Курбский в письмах рисует картину упадка церкви, управляемой стяжателями – «иосифлянами». Он причислял себя к ученикам близкого к «нестяжателям» Максима Грека. Не без оснований князь рассчитывал на то, что его критика иосифлянской церкви найдет сочувствие в Псково-Печерском монастыре: в течение длительного времени эта обитель была цитаделью «нестяжателей». Позднее, однако, Курбский делает такое замечание по поводу Псково-Печерской обители: «Там прежде, пока не было у монастыря имений и монахи пребывали в нестяжании, по благодати Христа, Бога нашего, и молитвами его Пречистой Матери, происходили бесчисленные чудеса. Но когда возлюбили монахи собственность, особенно же недвижимую, то есть деревни и села, померкли божественные чудеса».
Во втором послании Курбский представляет современную ему Русь землёй, объятой огнем, который никто не может погасить: «Вот на лице всей нашей земли как бы разгорелся лютый пожар, и мы видим множество домов, истребляемых пламенем напастей – и кто отстоит их, кто угасит, кто избавит братию от таких и толиких бед? Воистину, никто! Нет ни заступающего, ни помогающего, кроме Господа!» В Руси, полагал гуманист Курбский, нет святителей, которые обличали бы царя в его законопреступных делах и «возревновали» бы о пролитой крови.
Описывая бедствия дворянства, купцов, земледельцев, автор письма продолжал: «Таковых ради нестерпимых мук овым без вести бегуном, ото отечества быти». То был осторожный намёк на его намерение покинуть родину, оправдание этого шага «нестерпимыми муками».
Как полагал советский исследователь Р.Скрынников (1962 год), Курбский надеялся, что Псково-Печерский монастырь возьмет на себя инициативу антиправительственного выступления и возглавит церковную оппозицию на Руси.
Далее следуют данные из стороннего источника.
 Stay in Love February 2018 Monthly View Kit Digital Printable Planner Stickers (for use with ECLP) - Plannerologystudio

Фактически монахи поспешили прервать всякие сношения с «государевым изменником» Курбским.
Второе послание, полностью раскрывающее настроение князя-оппозиционера, не отправлялось им до самого бегства и было спрятано в Юрьеве на воеводском дворе, под печью, «страха ради смертного».
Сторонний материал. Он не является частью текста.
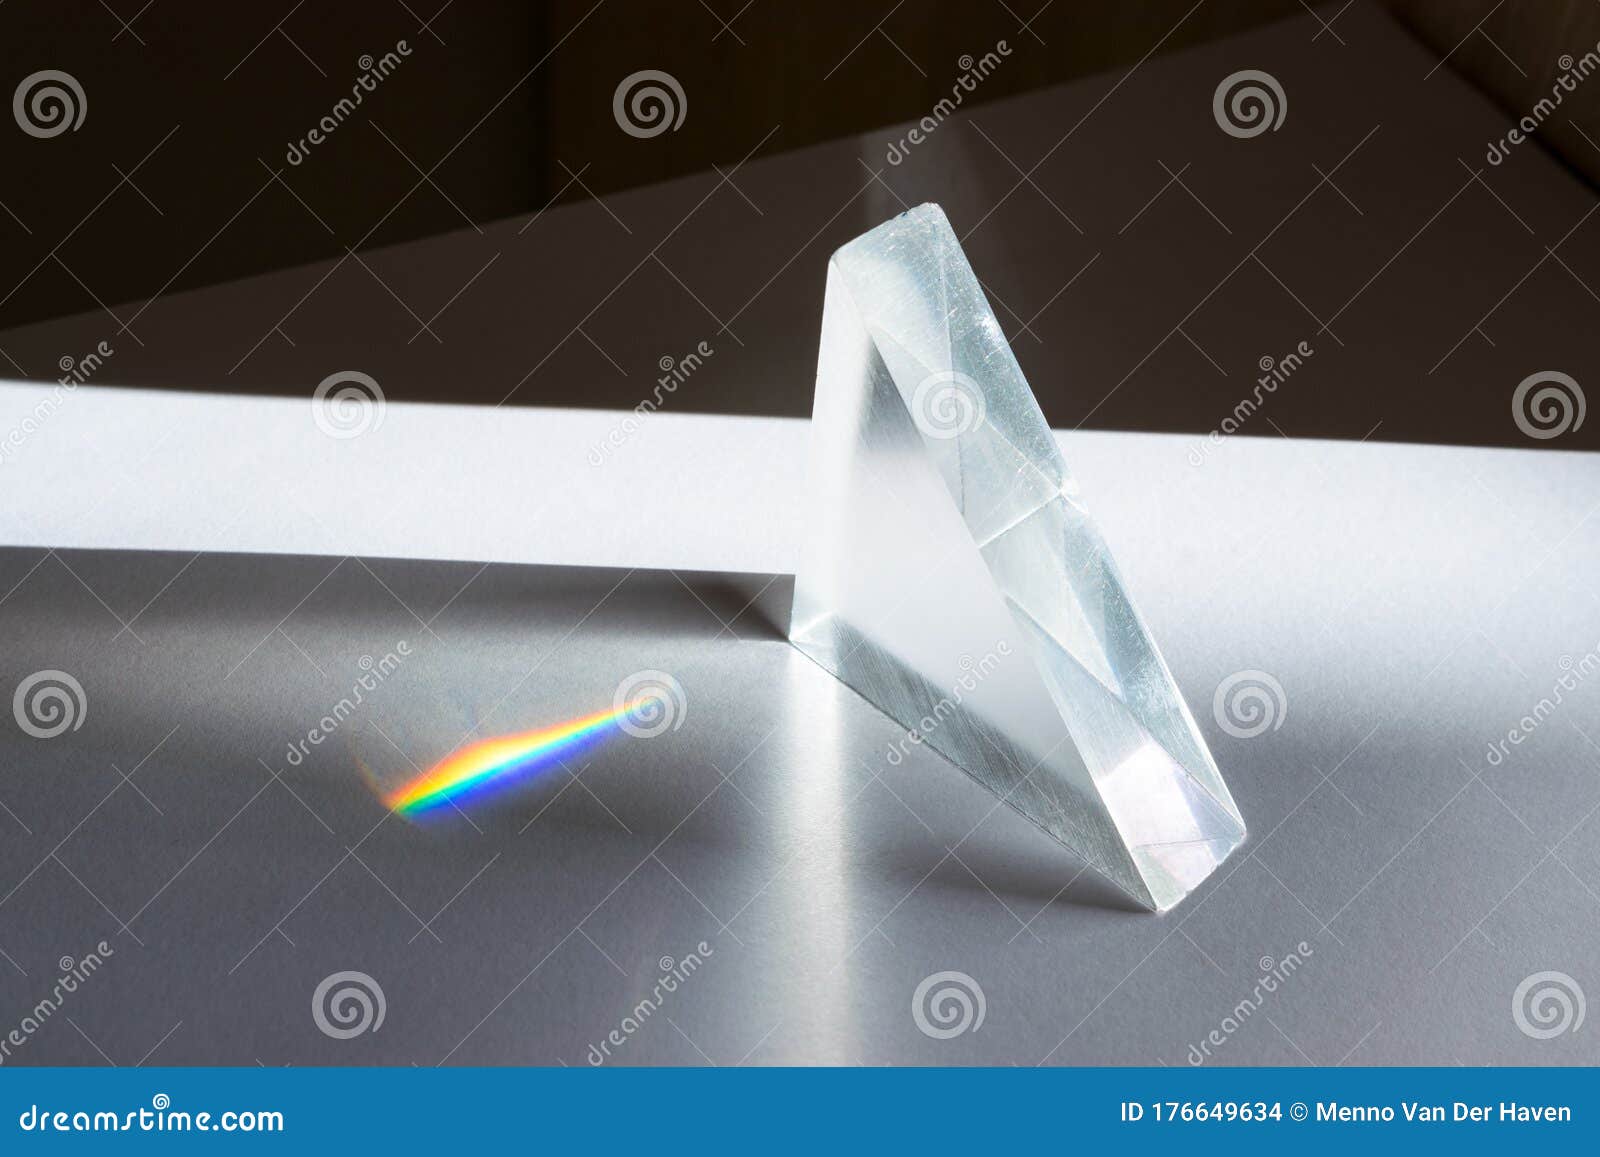 sunlight passes through a prism, creating a spectrum of colors

В своей краткой записке в Юрьев из-за рубежа неизвестному лицу перебежчик прямо указал, что «писано дело государское», «вы то отошлите либо к государю, либо в Пречистой, в Печоры». А этим неизвестным лицом мог быть слуга Курбского Васька Шибанов, схваченный и доставленный в Москву, а, может быть, явившийся с письмом к царю по приказу самого Курбского. Слуга погиб от рук царского палача с клятвой верности прежнему хозяину.
Отмежевание от князя-перебежчика не спасло старца Васьяна Муромцева и игумена Корнилия от мести царя, когда Иван Грозный в 1570 году двинулся покарать Великий Новгород и Псков за их мнимую готовность отдаться Литве. Оба они, как и 190 псковичей, были, говоря словами историка Карамзина, «земным царем посланы к небесному царю».